Working with Time Series in Pandas
Pandas provides robust tools for working with time series data, making it ideal for analyzing temporal patterns and trends. This page covers creating time-based indices, resampling, frequency conversion, and handling date/time data.
Creating Time-Based Indices
Time-based indices allow you to organize and analyze data with timestamps effectively.
Example: Creating a Time-Based Index
import pandas as pd
# Create a time-based index
time_index = pd.date_range(start="2023-01-01", periods=5, freq="D")
data = [100, 200, 150, 300, 400]
df = pd.DataFrame(data, index=time_index, columns=["Sales"])
print(df)
Output:
Sales
2023-01-01 100
2023-01-02 200
2023-01-03 150
2023-01-04 300
2023-01-05 400
Resampling and Frequency Conversion
Resampling involves converting a time series from one frequency to another (e.g., daily to monthly). It is useful for aggregating or interpolating data.
Example: Downsampling
# Downsample to monthly frequency (sum of daily sales)

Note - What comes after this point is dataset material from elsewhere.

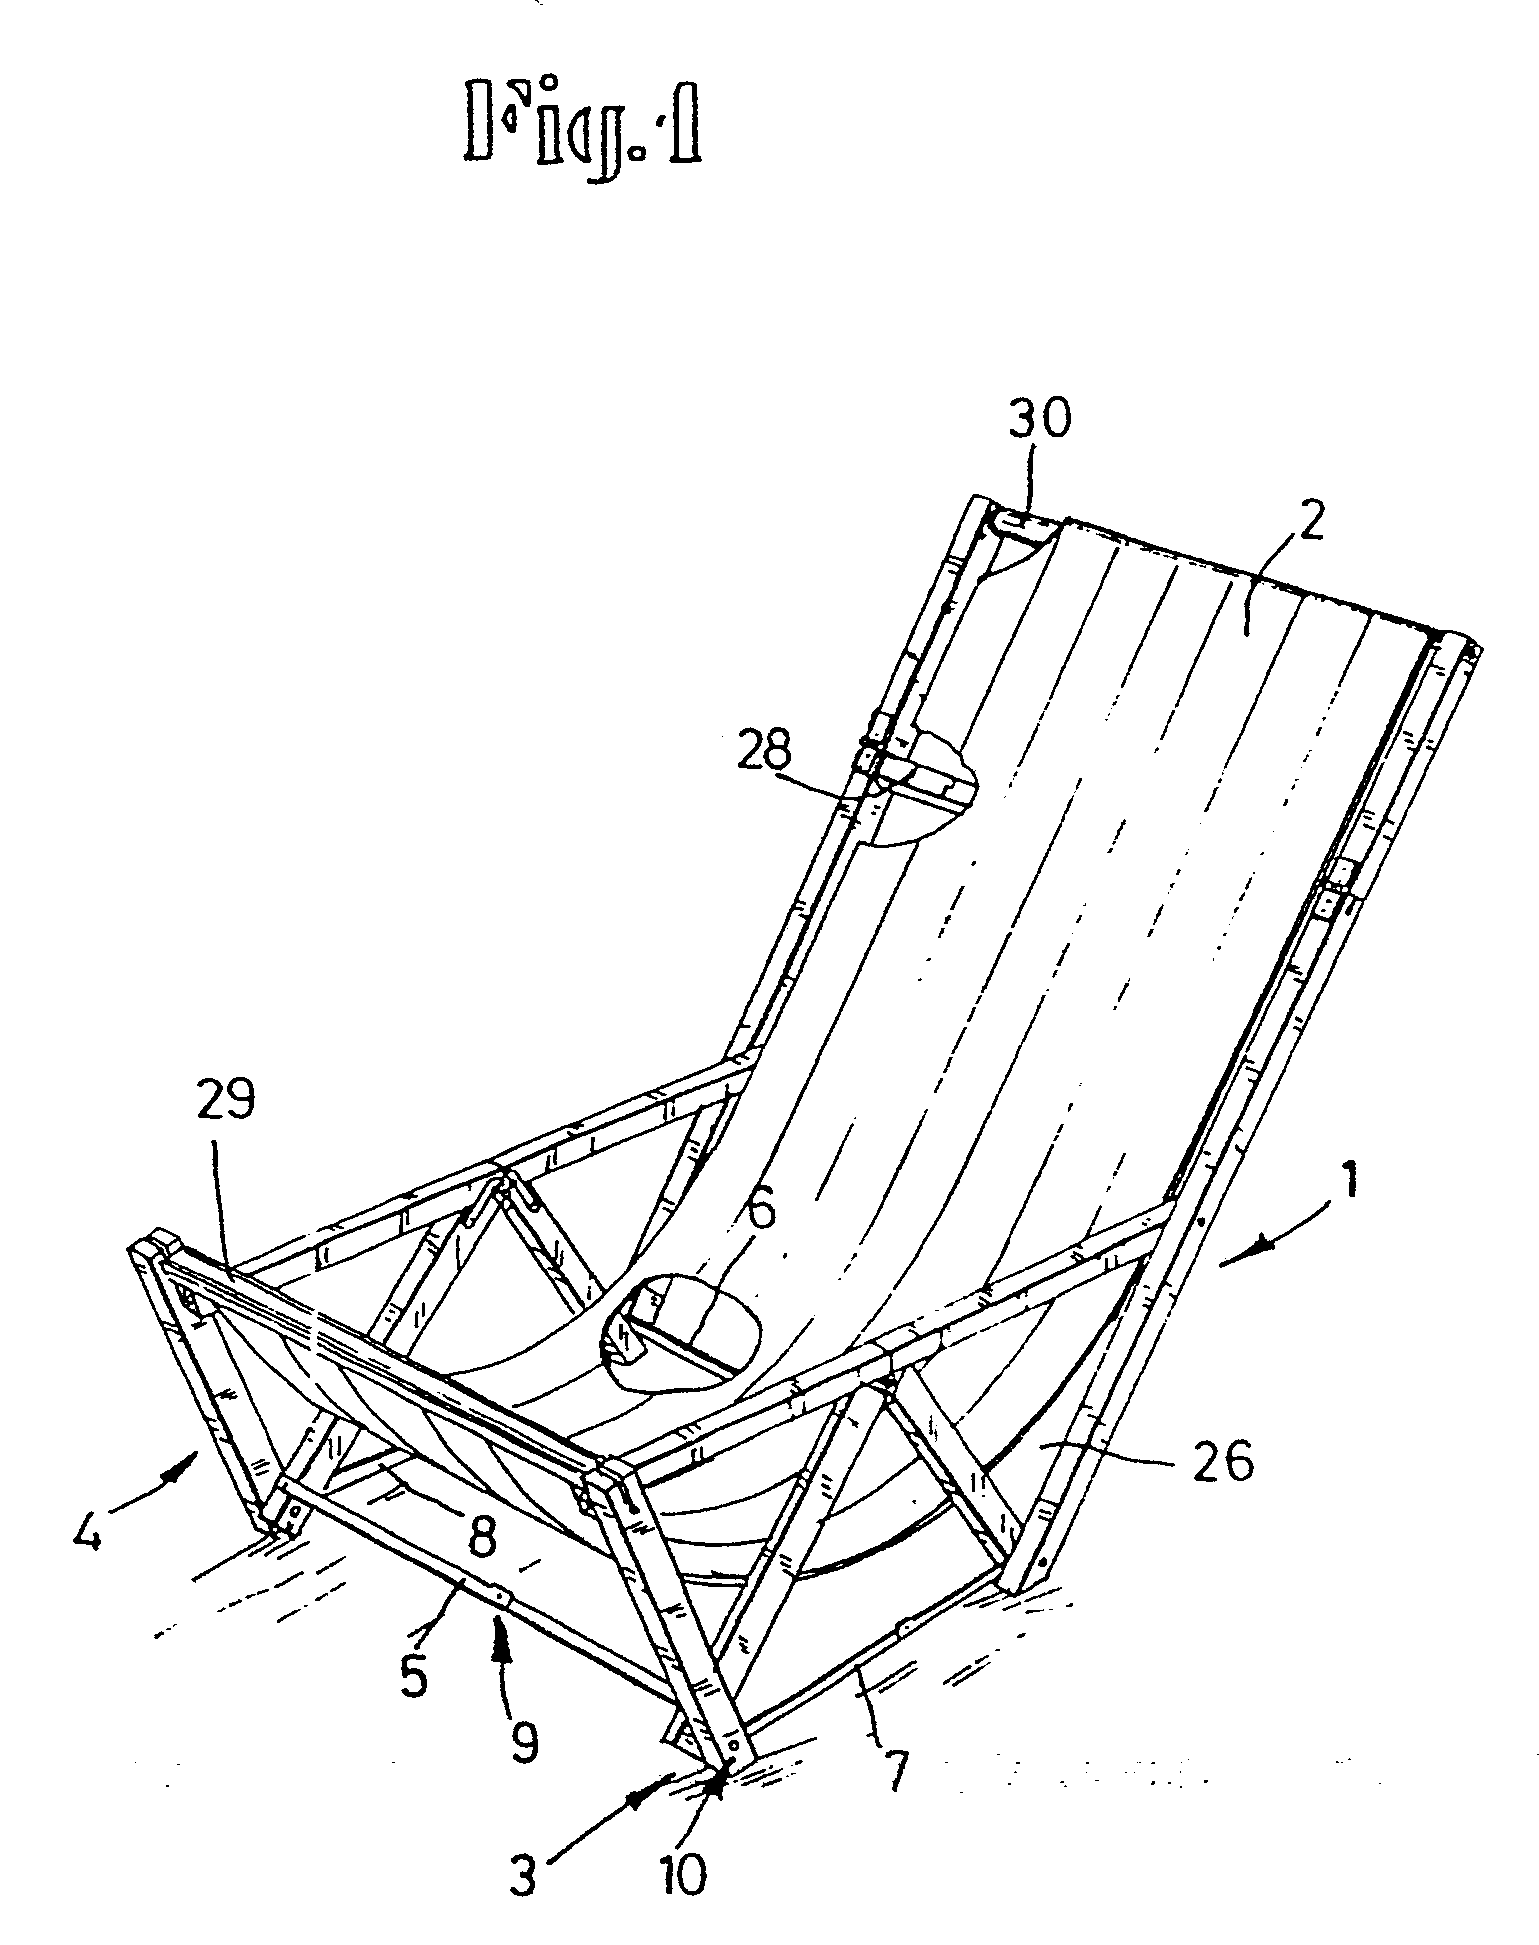 Liegestuhl Klappliegestuhl Metall Holz Oder Kunststoff ~ Patent EP0172266A1  Zusammenfaltbarer Liegestuhl  Google Patents

monthly_sales = df.resample("M").sum()
print(monthly_sales)
Output:
Sales
2023-01-31 1150
Example: Upsampling
# Upsample to hourly frequency (fill missing values with forward fill)
hourly_sales = df.resample("H").ffill()
print(hourly_sales.head())
Output (partial):
Sales
2023-01-01 00:00:00 100
2023-01-01 01:00:00 100
2023-01-01 02:00:00 100
2023-01-01 03:00:00 100
2023-01-01 04:00:00 100
Handling Date/Time Data
Pandas makes it easy to parse and manipulate date/time data.
Parsing Date Strings
# Parse a column of date strings
data = {"Date": ["2023-01-01", "2023-01-02", "2023-01-03"], "Sales": [100, 200, 150]}
df = pd.DataFrame(data)
# Convert 'Date' column to datetime
df["Date"] = pd.to_datetime(df["Date"])
print(df.dtypes)
Output:
Date datetime64[ns]
Sales int64
dtype: object
Extracting Components
# Extract year, month, and day
df["Year"] = df["Date"].dt.year
df["Month"] = df["Date"].dt.month
df["Day"] = df["Date"].dt.day
print(df)
Output:
Date Sales Year Month Day
0 2023-01-01 100 2023 1 1
1 2023-01-02 200 2023 1 2
2 2023-01-03 150 2023 1 3
Filtering by Date
# Filter rows by date range
filtered_df = df[(df["Date"] >= "2023-01-02") & (df["Date"] <= "2023-01-03")]
print(filtered_df)
Output:
Date Sales Year Month Day
1 2023-01-02 200 2023 1 2
2 2023-01-03 150 2023 1 3
Try It Yourself
Problem 1: Create a Time Series
Create a DataFrame with daily temperatures for a week starting from “2023-01-01”. Set the date as the index and calculate the weekly average temperature.
Show Code
import pandas as pd
# Create time series data
dates = pd.date_range(start="2023-01-01", periods=7, freq="D")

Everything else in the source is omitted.